GSA Connects 2021 in Portland, Oregon

Paper No. 133-2
Presentation Time: 9:15 AM


ALVAREZ, Walter, Department of Earth and Planetary Science, University of California, 307 McCone Hall, Berkeley, CA 94720-4767; Osservatorio Geologico di Coldigioco, Contrada Coldigioco 4, Apiro MC, 62021, Italy

In the decade 1965-1975, plate tectonics overthrew the previous paradigm of continental fixism and revolutionized our understanding of shallow-Earth geology and geochemistry in great detail. For the subsequent half-century, although seismic tomography has gradually clarified the large-scale features of the deep Earth, geodynamicists have struggled to understand the plate driving mechanism, reaching little agreement, so that their papers traditionally contain a statement that the driving mechanism remains obscure.

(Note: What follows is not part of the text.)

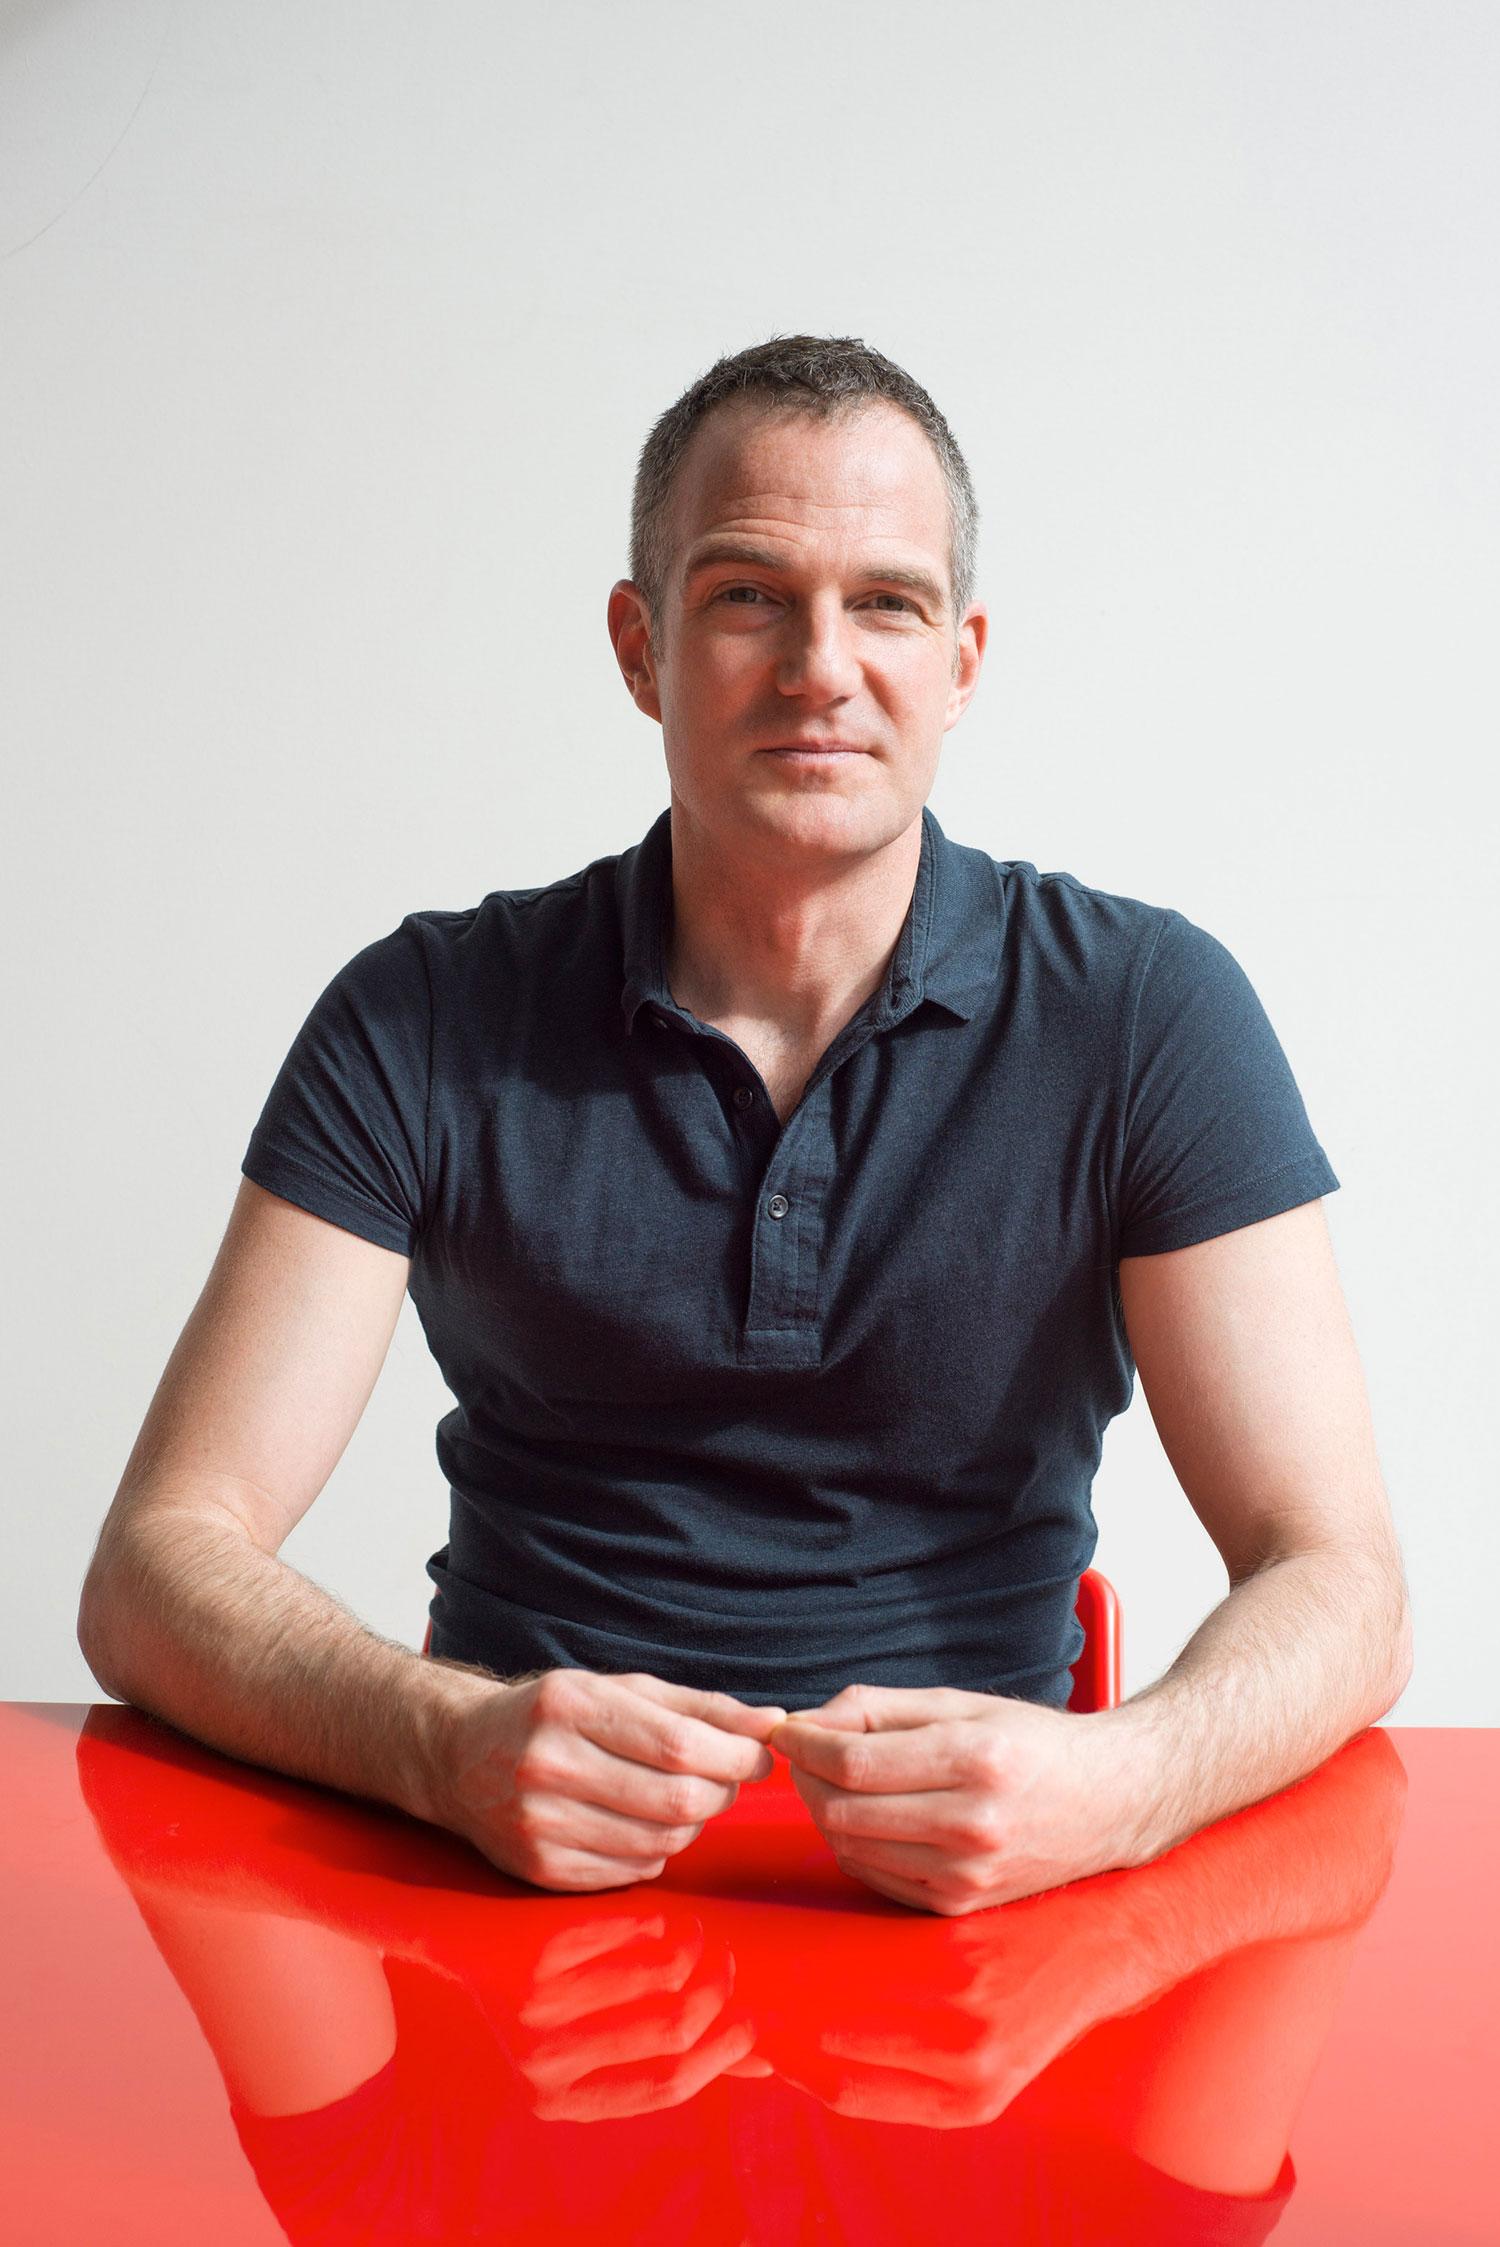 Peter Kyle Labour MP Portrait

Yet the geology and geochemistry of sedimentary, igneous, and metamorphic rocks at the surface reflect motions in the deep Earth, with two advantages to complement the traditional data of geodynamics: (1) this information is highly detailed, down to the km or even mm scale, and (2) it records Earth history back through the Proterozoic and even into Archean. However, geological information is rarely used in studies of the driving mechanism, perhaps because it is unfamiliar to most geodynamicists.

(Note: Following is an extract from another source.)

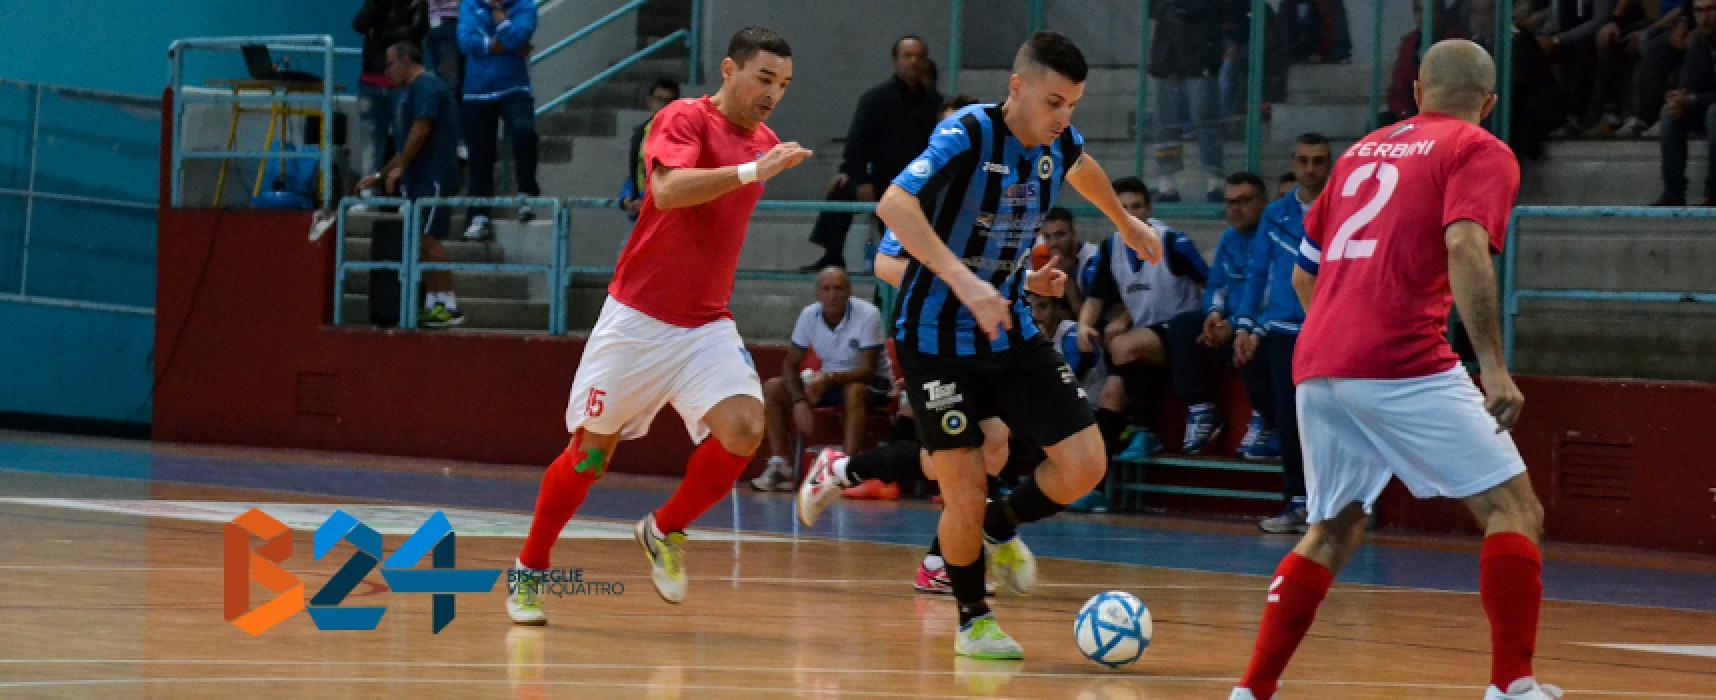 Futsal Bisceglie sette bellezze, sconfitto il Sammichele

In a paper almost 40 years ago (1982, JGR, v. 87, p. 6697), I used geological evidence to argue that continents move because they have deep roots coupled to sub-asthenosphere motions (“continental undertow”) and that asthenosphere is forced to flow through gaps in the continental roots, dragging surface geology eastward beneath the Caribbean and Drake Passage. Over four decades, more and more geological and geochemical evidence has been found by numerous researchers to support the continental undertow hypothesis. For example, undertow explains the otherwise mysterious, long-continuing continental collisions deforming the Tethyan belt from the Alps to the Himalayas (Alvarez, 2010, EPSL, v. 296, p. 434; Becker & Facenna, 2011, EPSL, v. 310, p. 453), and has been confirmed by detailed geological studies in the Caribbean (Pindell & Kennan, 2009, Geol. Soc. London Sp. Pub. 328, p. 1; Altamira & Burke, 2015, AAPG Mem. 108, p. 39) and gravity studies of the Drake Passage (Martos et al., 2014, GRL, v. 41, p. 43; 2019, JGR, v. 124, p. 10,735). However, the geologically based undertow concept has not yet influenced the geodynamics community. Nor has it come together to create a community of geologically oriented contributors to the problem of the driving mechanism of plate tectonics. It is time!